The policy focuses on local value addition to discourage imports and build a domestic ecosystem. For network and IT equipment, it covers items like routers, ethernet switches, media gateways, customer premises equipment (CPE), GPON equipment, satellite phones, optical fiber and cables, telecom batteries, and more—totaling 36 products as per recent guidelines. Procurement by central government entities prioritizes suppliers based on local content levels, with exclusions for imported components, royalties paid abroad, repackaged goods, and certain costs like transportation or after-sales support.
Key Requirements for Local Content in Network/IT Equipment
Local content is defined as the value added in India, calculated as:
(Sale price – Value of imported content) × 100 / Sale price (excluding net domestic indirect taxes).
Up to 10% of costs for assembly, integration, and testing can count toward local content, and design elements qualify if intellectual property rights (for hardware) or copyrights (for software) reside in India.
For the 36 specified products, a minimum of 50% local content is mandatory for eligibility in public procurement. Verification involves self-certification for tenders below INR 10 crore and audited certificates for larger ones. Notably, 5G equipment is currently excluded from these strict local sourcing rules, with periodic reviews planned. Recent DoT proposals (as of June 2025) suggest relaxing these to around 20% for some products due to India’s limited component ecosystem, as highlighted by reports from NITI Aayog, TRAI, and industry bodies like MAIT.
Related Schemes: Production Linked Incentive (PLI) for Telecom and Networking Products
Complementing PPP-MII, the PLI Scheme for Telecom and Networking Products, launched in 2021 by DoT with a total outlay of INR 12,195 crore over five years, incentivizes domestic manufacturing. It targets products like core transmission equipment, 4G/5G next-generation RAN, routers, switches, IoT access devices, and enterprise equipment.
• Eligibility: Open to MSMEs, non-MSMEs, Indian companies, and global firms. Applicants must meet minimum investment thresholds (e.g., INR 10 crore for MSMEs, INR 100 crore for non-MSMEs) and commit to incremental sales. As of 2022, 42 companies (including MSMEs like VVDN Technologies and global players like Nokia, Ericsson) were approved as beneficiaries.
• Benefits: Incentives range from 4-7% (higher for MSMEs and design-led manufacturing) on net incremental sales over the base year (2019-20), plus an extra 1% for design-led efforts. Up to 15% of committed investments can be allocated to R&D. The scheme has been extended to include design-led 5G equipment manufacturing.
• Role in Make in India: It boosts exports, attracts investments (projected over INR 1 lakh crore across sectors), and creates jobs by encouraging end-to-end manufacturing ecosystems.
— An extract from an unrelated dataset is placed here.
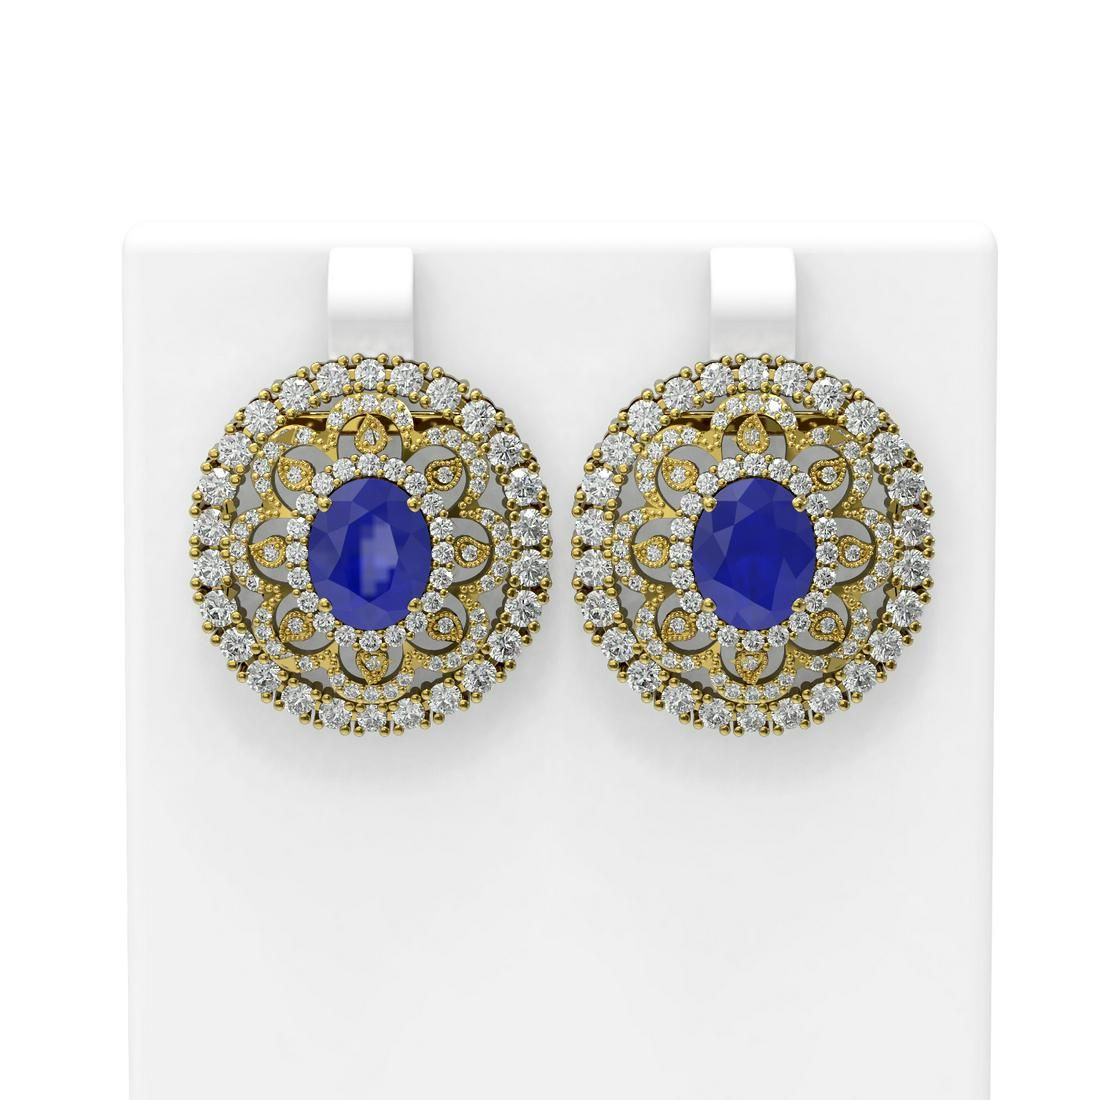 13.11 ctw Sapphire & Diamond Earrings 18K Yellow Gold -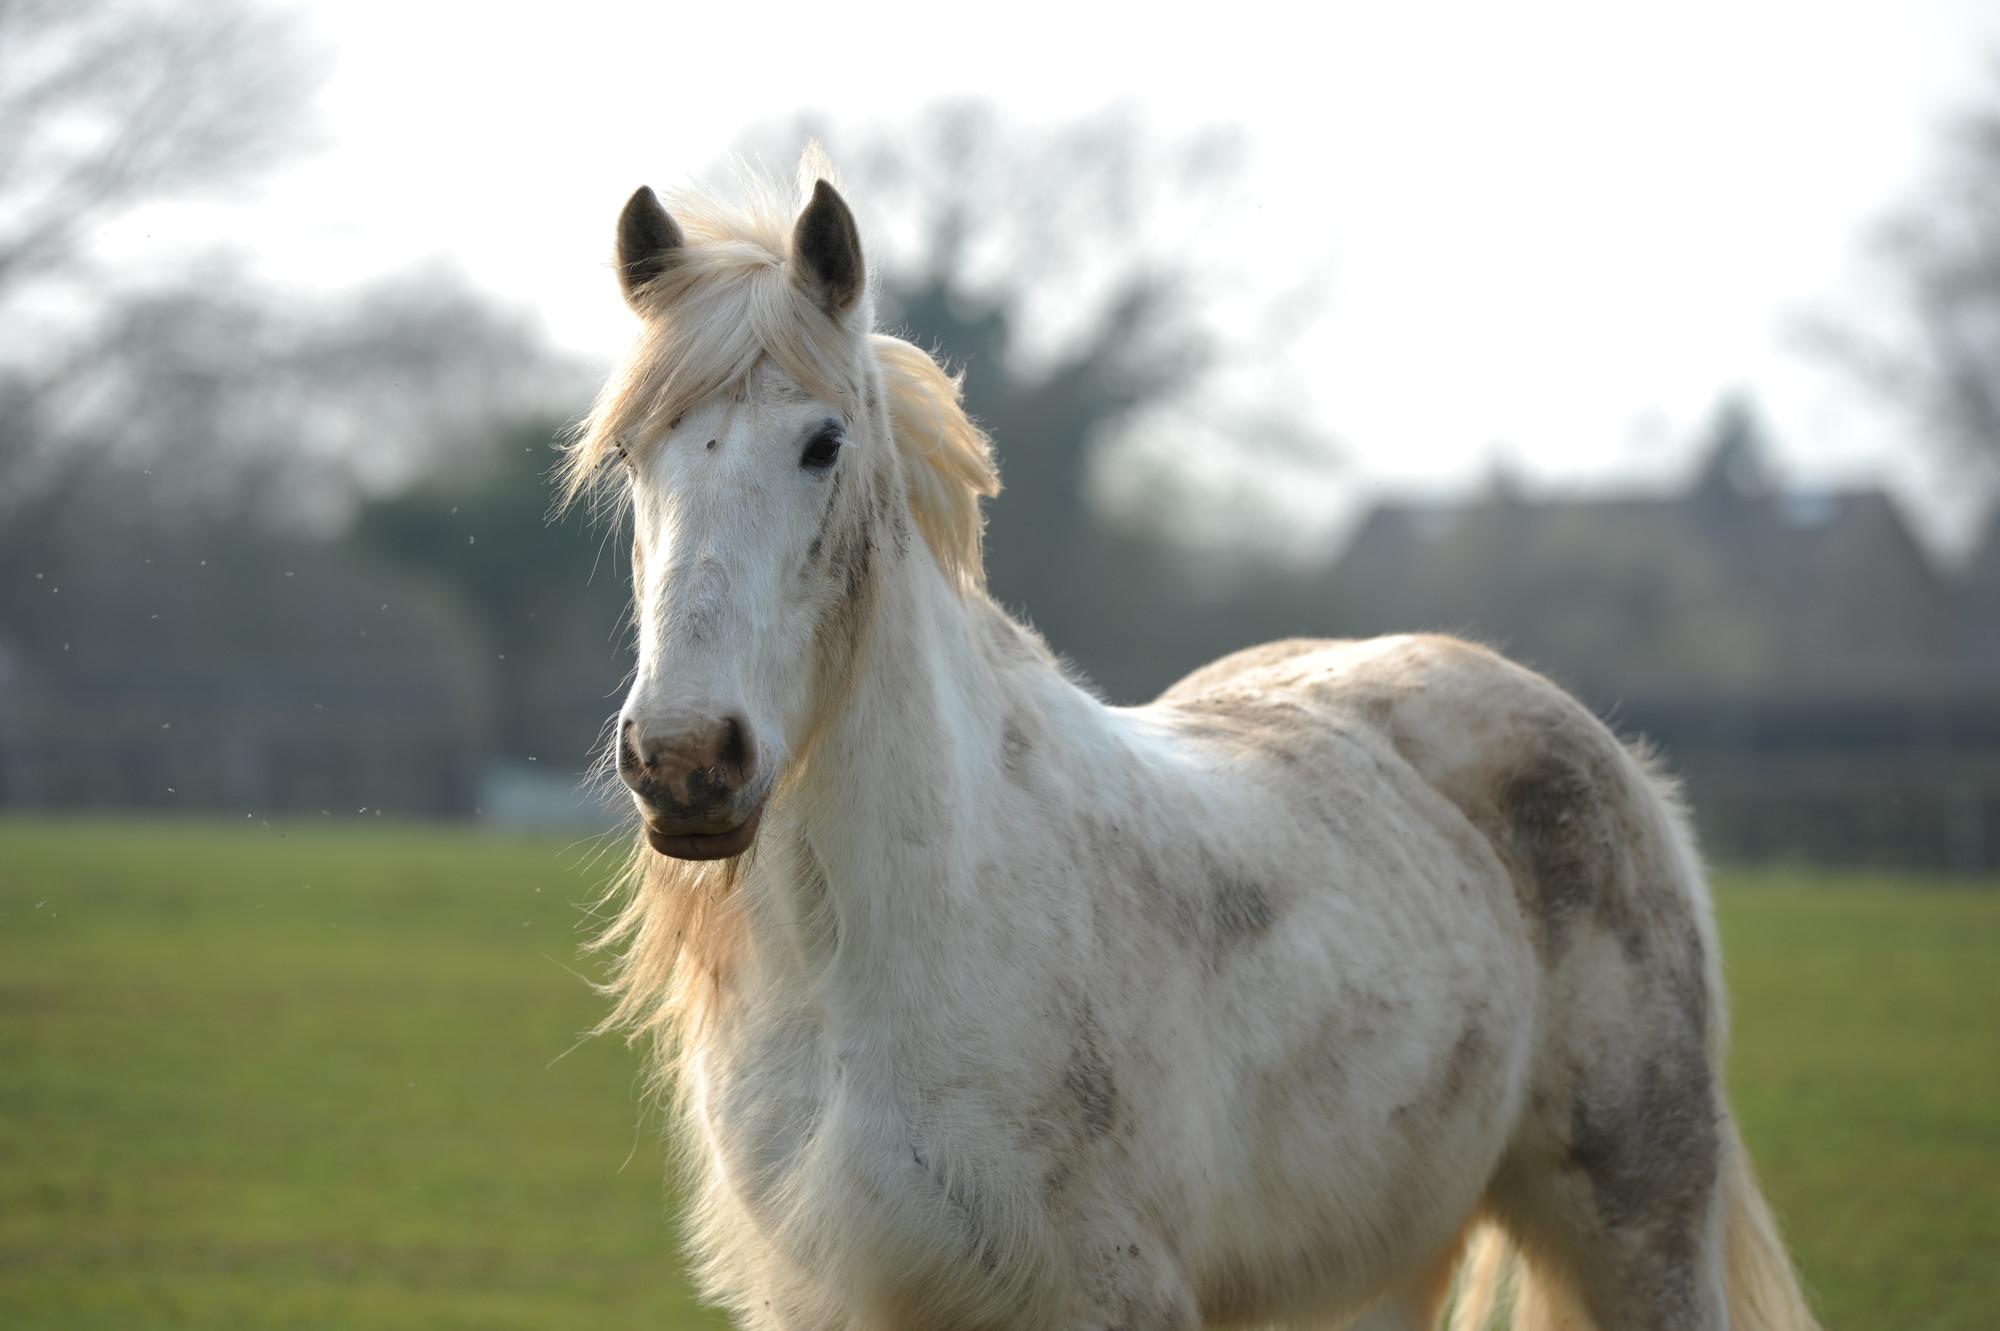 The field-kept horse   Horse grazing   Blue Cross

Impact on OEMs and System Integrators Based in India
The Make in India policy, through PPP-MII and PLI, has had a mixed but largely positive impact on Indian Original Equipment Manufacturers (OEMs) and System Integrators (SIs) in the IT/network sector, driving growth while facing implementation challenges. Overall, it has spurred a 3-4x increase in telecom equipment production and exports since 2021, with investments exceeding INR 3,000 crore under PLI alone.
Positive Impacts
• Boost to Domestic Manufacturing and Investments: OEMs like Tejas Networks and HFCL have expanded local production of routers, switches, and fiber optics, benefiting from procurement preferences and PLI incentives. This has enabled scaling, R&D, and exports, positioning India as a hub for global OEMs (e.g., Nokia and Ericsson setting up facilities). SIs, such as those in BharatNet projects, integrate local equipment, fostering partnerships and reducing import dependence.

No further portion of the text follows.